*** Opening of Data shown ***
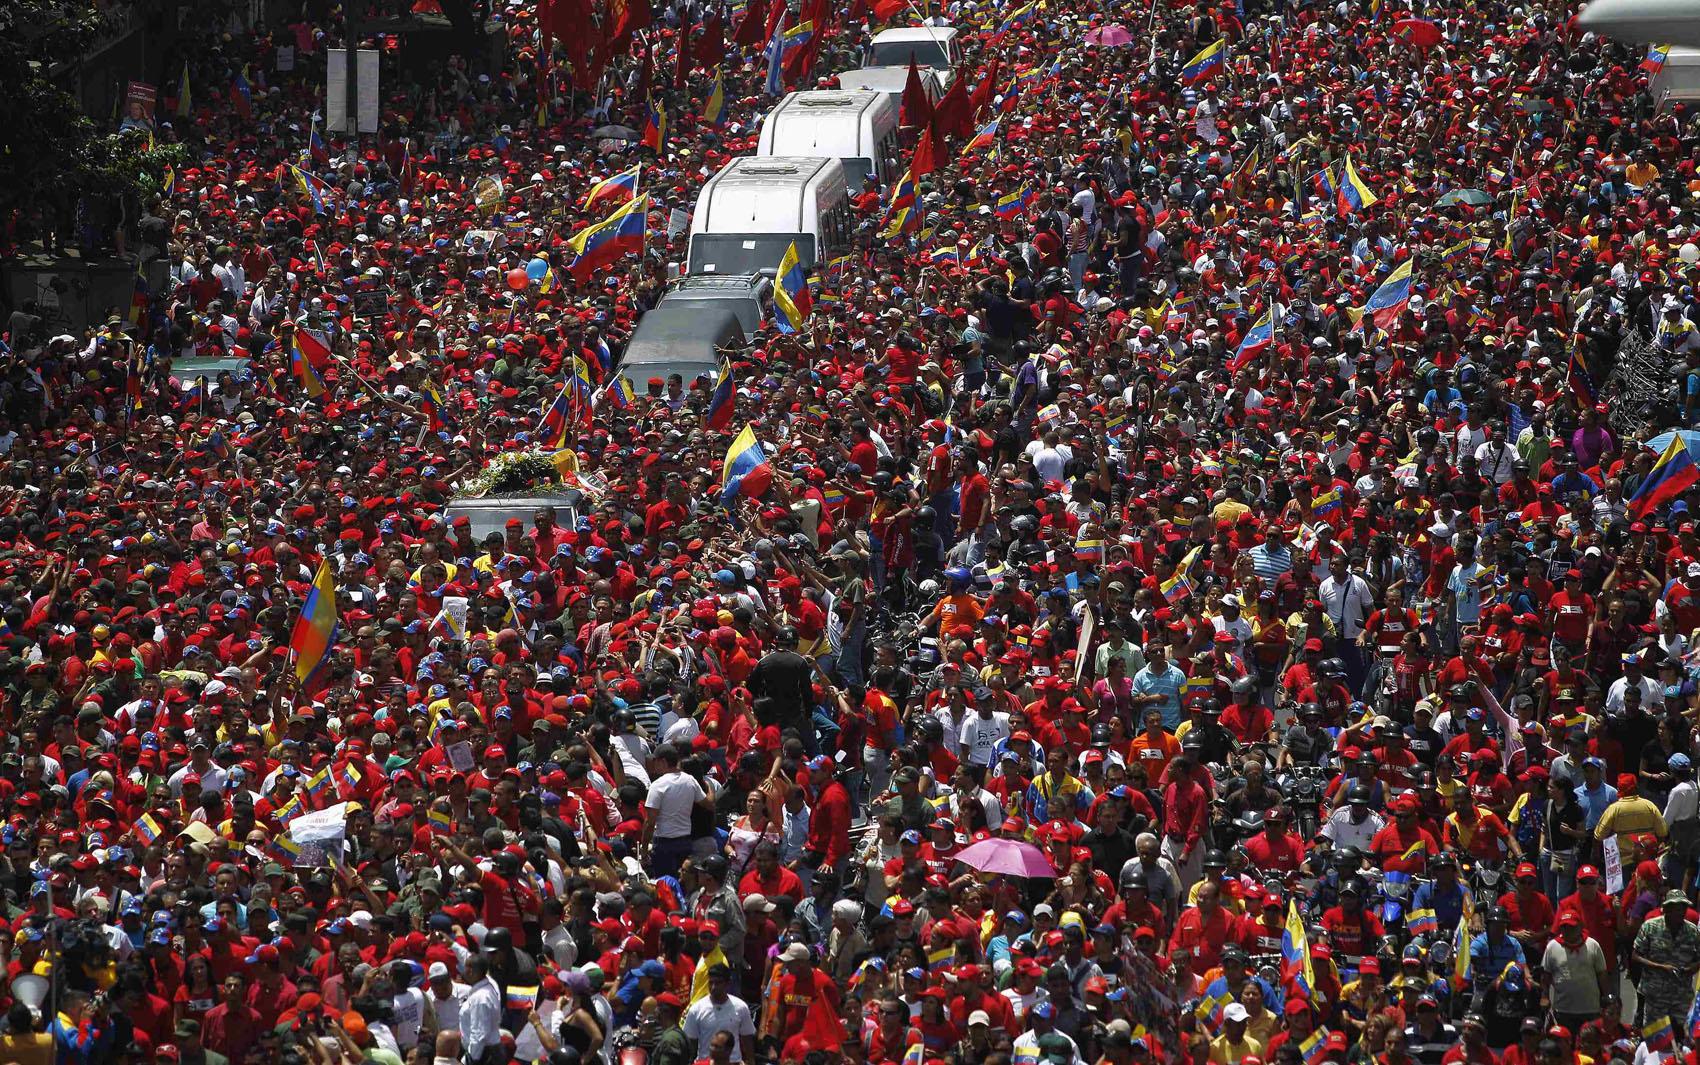 Multidão cerca o caixão com o corpo de Hugo Chávez durante cortejo
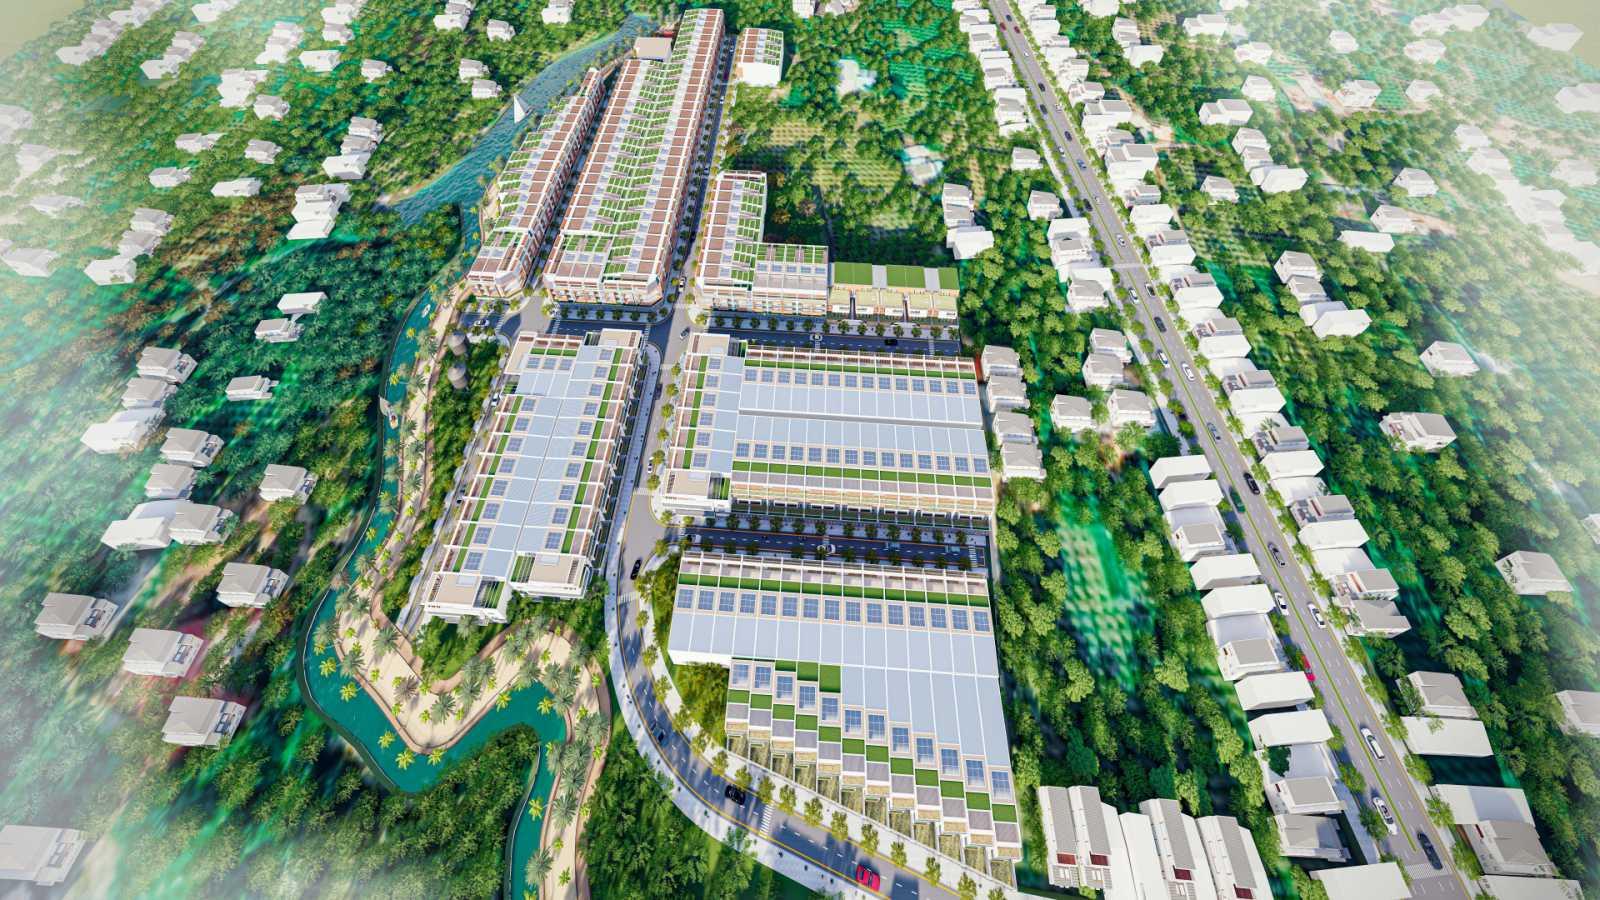 Thật hiếm có dự án nào giá 1 tỷ / lô SĐCC giao ngay tại An Phước Phan Thiết
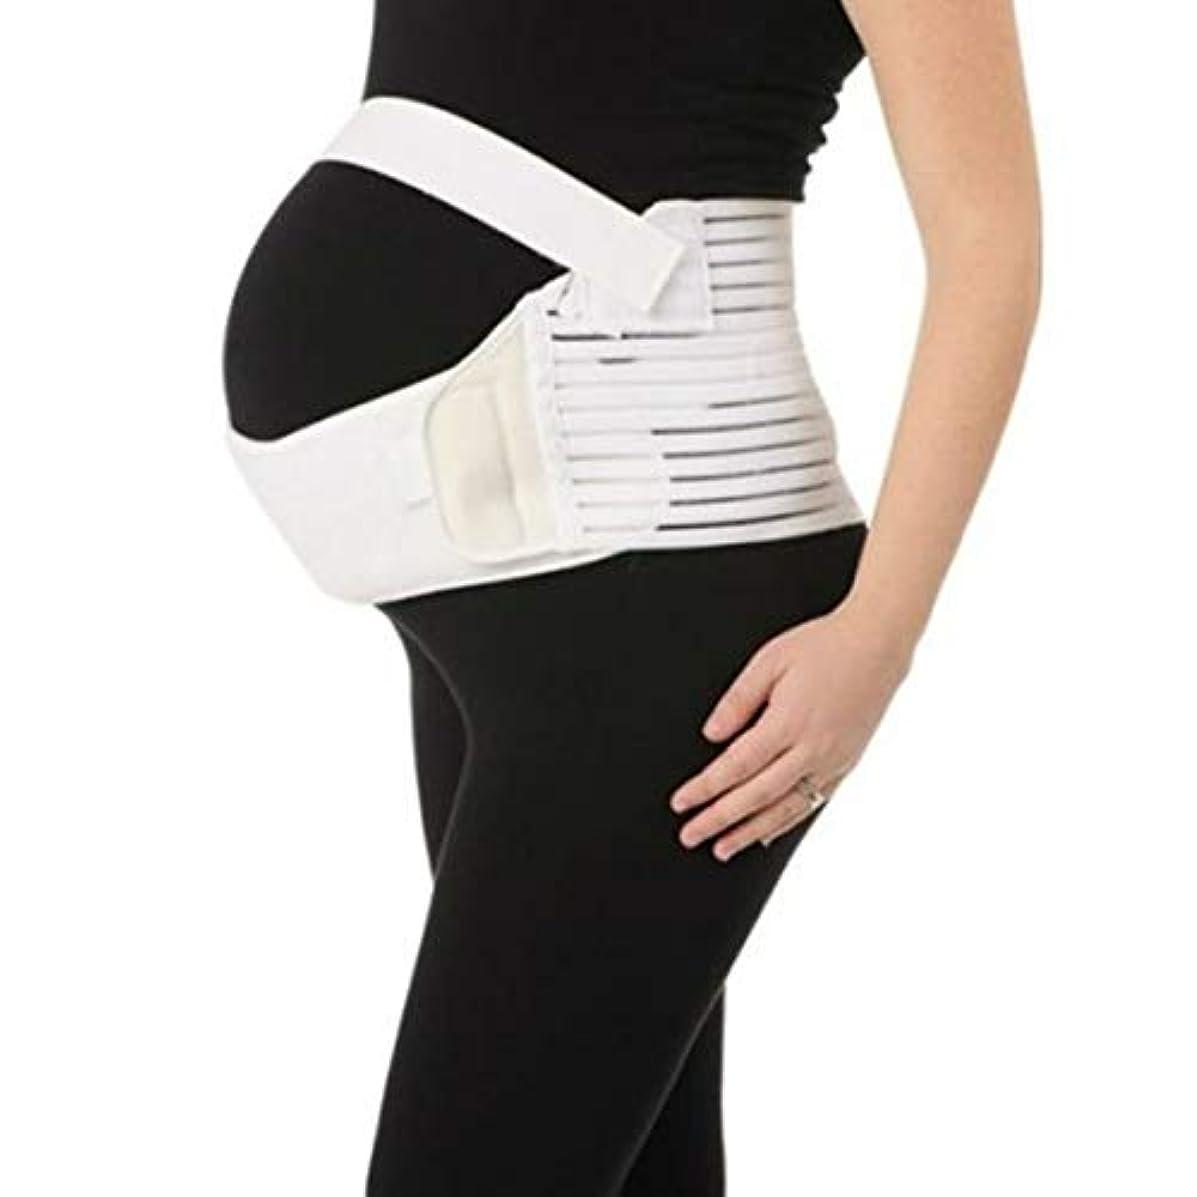 怪物団結するいたずら通気性マタニティベルト妊娠腹部サポート腹部バインダーガードル運動包帯産後の回復shapewear - ホワイトL
*** Close of Data shown ***
Repeat the material above word for word and skip every image in it.

*Solved exercise*
 Multidão cerca o caixão com o corpo de Hugo Chávez durante cortejo
 Thật hiếm có dự án nào giá 1 tỷ / lô SĐCC giao ngay tại An Phước Phan Thiết
 怪物団結するいたずら通気性マタニティベルト妊娠腹部サポート腹部バインダーガードル運動包帯産後の回復shapewear - ホワイトL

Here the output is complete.